While the City of Sydney hopes for us to overlook the water quality of Lake Northam and its environmental disappointments, they have the advantage secrecy on their side: the lake is currently covered with a thick layer of impenetrable moss, which has covered the lake like an over-enthused tween using lipstick for the first time. A previous Honi investigation in 2022 analysed the profusion of algae, muddy sediment and rotten plant matter, discovering that the mud was the result of heavy rainfall, wherein the Council reported that “some of the sediment was left to act as mudflats as there was a variety of wading birds using the area for foraging.”
It is unclear where the line in the sand (or mud) is for the Council. On the 14th of May this year, the Bureau of Meteorology declared a La Niña “watch” was declared, following intense rain in Sydney and falling sea surface temperatures in the Pacific since Dember. The bureau states that there is a 50/50 chance of Australia experiencing La Niña, signalling that our Council should be addressing the inevitable increased sediment in Lake Northam that has followed heavy rainfall.
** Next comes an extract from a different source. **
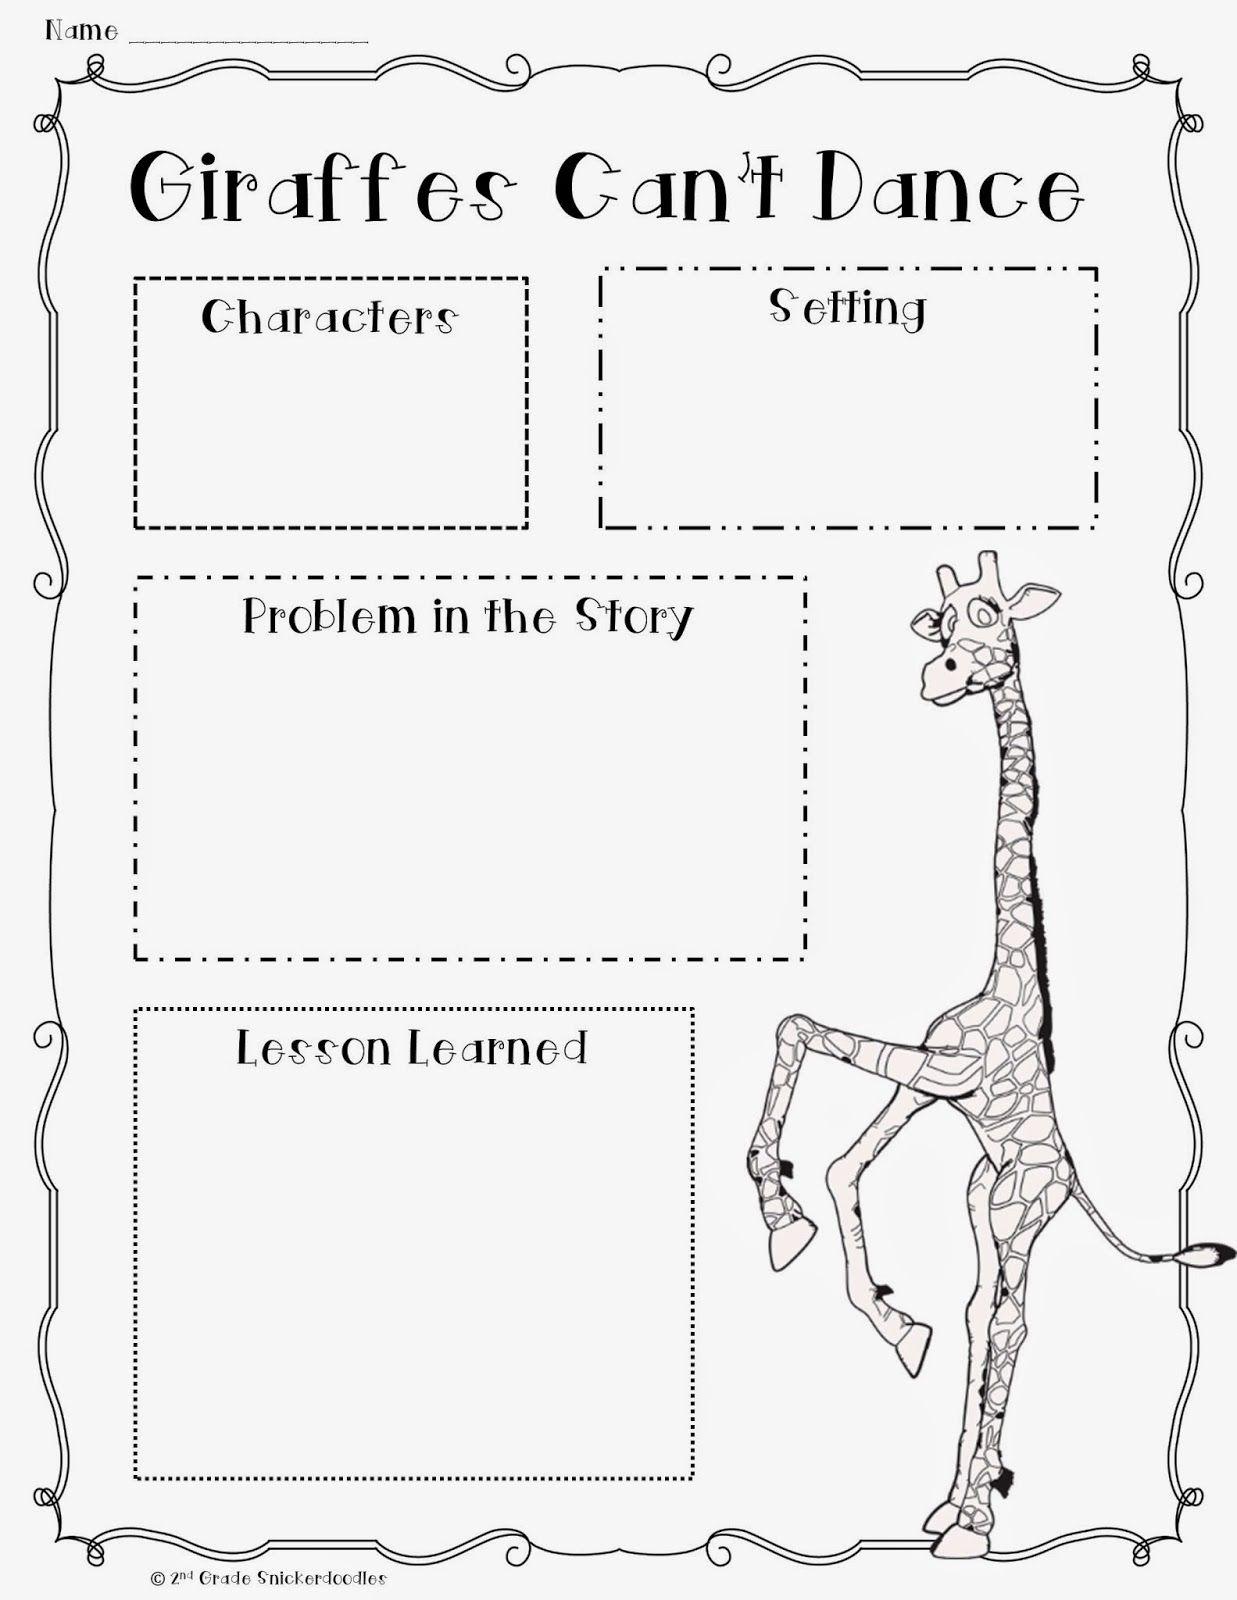 2nd Grade Snickerdoodles: Giraffes Can't Dance Book Chat Fun   Giraffes  cant dance [ 1600 x 1237 Pixel ]

The amount of rubbish in the lake may not be as severe as in previous years, as there were only one or two dozen items including bottles, a shoe and bizarrely, a bicycle helmet. However, it was abundantly clear where the rest of the rubbish had gone. An incriminating pile of junk — a mixture of bottles, pinecones, rotting plants and miscellaneous plastics — had been fished out and dumped on the side of the lake, with no effort to clean it up. Either the Council put in the effort to take this mess out of the lake and leave it in the park, or else some charitable passerby had taken the time to clean up the park, and leave it on the sidewalk as evidence of their hard work.
Either criticism or salutes are in order. In the meantime, the moss on the lake continues to hide all the other dirty secrets that have been thrown into its murky depths. Although I would still prefer today’s moss to yesterday’s toxic algal blooms, particularly for the enterprising swimmer.
Tragically, we shall never see the eels again, as they have left our homely old Lake Northam for good, to die in an Instagrammable nirvana after having spent 20 to 80 years in our lake, depending on how many hard drugs they commandeered from Oxford St.
But for all the die-hard eel fans out there — do not despair! For their ingenuous progeny are sure to come in a scant few months, in the hope that what lies beyond New Caledonia may be even more exotic and glamourous than the tropical seas they left. To that, we say: it isn’t. Hopefully when the young Elvers arrive, our lake will look more like a lake and less like a golf course sprinkled with plastic paraphernalia.